Forest City used to be one of Portland's old nicknames. You still catch pieces of it here and there. Forest Avenue. Forest City Trail. Old postcards. Old signs. Old businesses that used the name because people probably knew what it meant. Now it mostly hides in plain sight.
Which makes it feel even stranger. I mean, yes, Portland has trees. Great ones. Deering Oaks, Baxter Woods, Evergreen Cemetery, the Western Prom, the old white pines leaning over the West End. But the Portland most of us move through every day feels more like brick, salt air, narrow streets, parking debates, and seagulls ripping open purple trash bags. If you were naming it now, you would probably end up with something more obvious. Port City. Lobster City. Brick City. So why Forest City?
The oldest hard clue I can find is not a park or some grand row of old trees. It is a cemetery. Forest City Cemetery was named in 1858, and it is not even in Portland. It is in South Portland, though Portland still owns it. The cemetery sits on nearly 100 acres and holds around 30,000 burials.
That feels very Portland to me. A little confusing geographically, but beautiful once you understand it. And a lot more interesting than just saying, "well, we have a lot of trees."
The name seems to come from the mid-1800s, when cemeteries were not just places people were buried. They were also places people visited. Before every city had big public parks, families went to cemeteries to walk, sit, think, and be somewhere quiet and green. It sounds strange now, but at the time, a cemetery could be one of the prettiest public places in a city.
So maybe Forest City was never just about trees. Maybe it was about what Portland wanted to feel like. A city by the water, yes, but also a place with parks, cemeteries, elms, oaks, and enough shade to make a hard little port town feel softer around the edges.

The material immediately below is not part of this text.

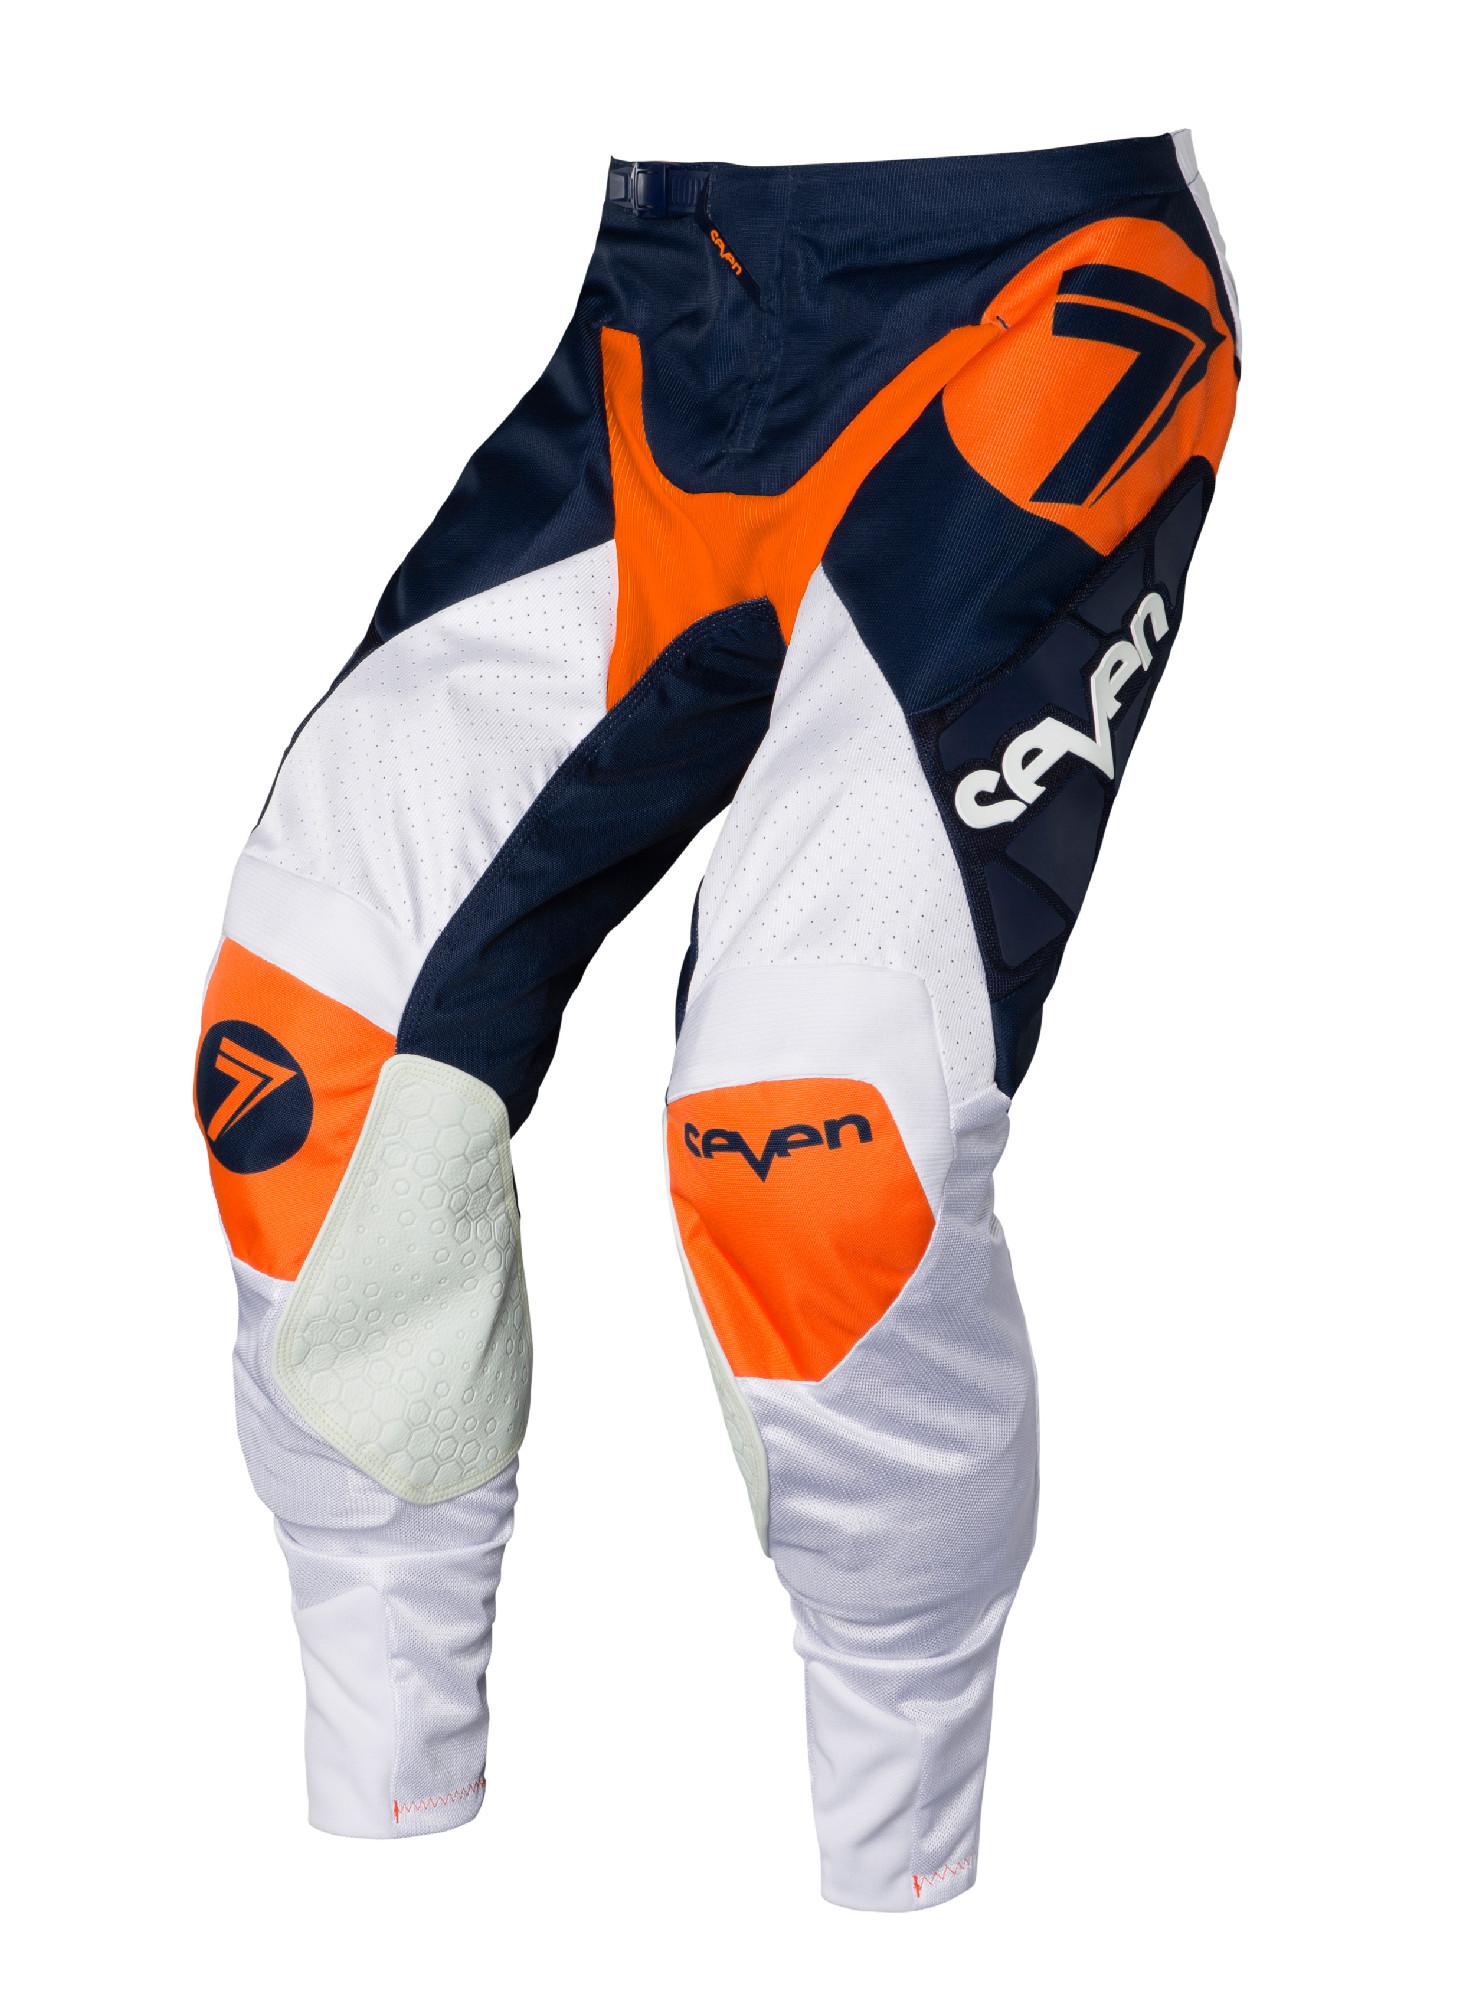 Seven Orange Navy Blue White Mens Rival Zone Dirt Bike Pants ATV BMX ... dc21ac86b

Then, in 1879, Deering Oaks became part of the city. Fifty acres were deeded to Portland, and suddenly Forest City had a place you could actually point to. Ponds, paths, old trees, and a piece of open land big enough to make Portland feel like it could breathe.
There are days when Forest City feels almost funny, like an old nickname Portland has outgrown. But then you catch the city at the right angle.
Deering Oaks early in the morning. The Western Prom at golden hour. The canopy on Baxter Boulevard. An old cemetery where some of the best trees in Portland are standing watch over people who lived here before your street had traffic.
Then the name starts to make sense again. Not because Portland is a forest, but because it keeps trying to feel a little more like one.
Forest City is not really a description. It is more like a reminder. A city does not stay green by accident. Trees come down. Lots get paved. Shade disappears one storm, one project, one "necessary improvement" at a time. A street can lose a tree in one afternoon and not feel the same again for fifty years.
That is the thing about Forest City. It is quiet. It is not trying to sell you anything. It does not feel like a slogan. It feels older than that. Like Portland trying to remember that a city is better with shade.
And maybe it is not totally gone. Hearts of Pine has been bringing Forest City back too, which feels right. Some old names only work if people start using them again.